Even as the words leave my mouth, I know they're not mine. “Go away!”
He snaps up and out of the bed like I've just burnt him.
“Whoa baby, what did I do?”
I hiss, “What did you do?! You're just like everyone else! You're all the same!”
“What? How?”
“You're all the same!”
Eli
What the heck?! Dani's little outburst is leaving me confused, until she lets out a string of curse words in Russian. That's when it hits me what's going on. Man, the change has been fast. Her body must have burned through those drugs quickly. She's definitely not herself right now.
I approach her slowly and talk in my negotiating voice. “Dani, it's Eli. Can you hear me? I know you're hurting and I know you're scared, but I need you to listen to me...”
“Go away.”
“I can't do that. I told you I'm not leaving just because it's got a little tough...”
“Tough?! Really?!”
She hisses in pain again.

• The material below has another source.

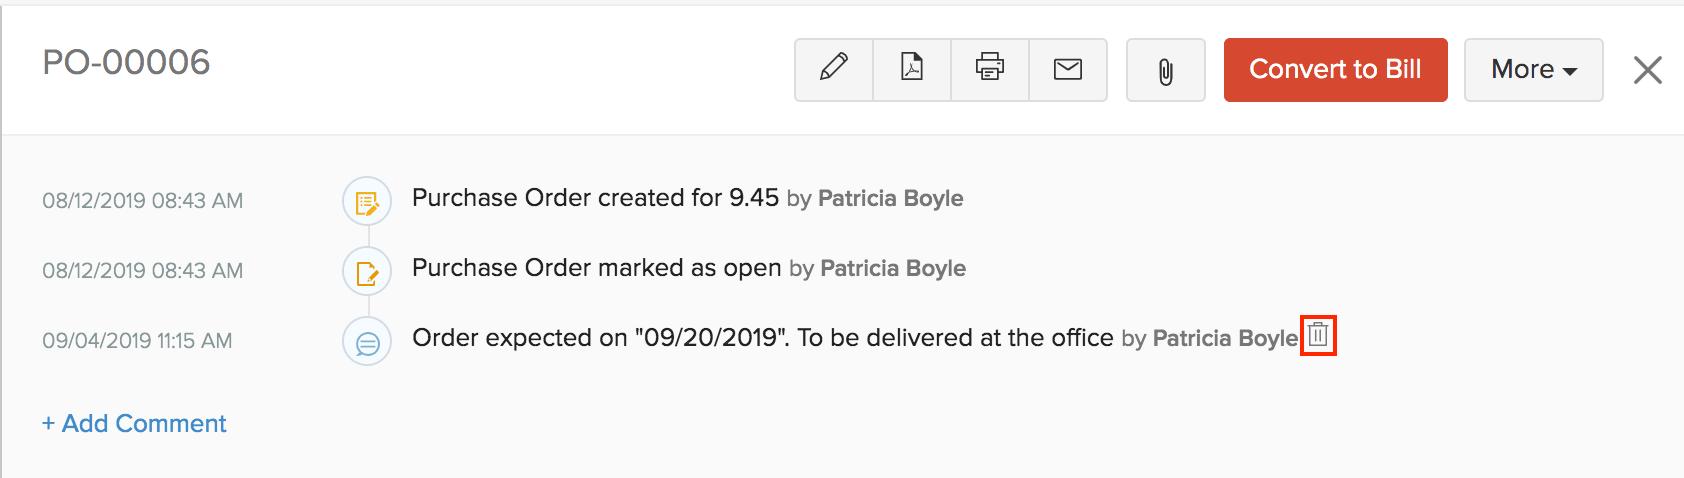 Delete Delivery Date

This is pretty awful to watch. I can see the sweat rolling off her, even though she's shivering. The curses that leave her mouth would give a sailor a run for his money. It's so far from the Dani I know that I'm momentarily stunned. When I come to my senses, Dani is actually trying to get out of the bed.
“Dani, you need to stay in the bed, sweetheart. You're going to hurt yourself...”
“You touch me and I'll chop your fingers off!”
YOU ARE READING
Tough Love
RomanceDanica Romanov has just started her new job as a data analyst for the S.W.A.T team of the NYPD. She has spent the last few years on her own, away from everyone. What happens when a certain team of S.W.A.T guys want to befriend her? What happens when...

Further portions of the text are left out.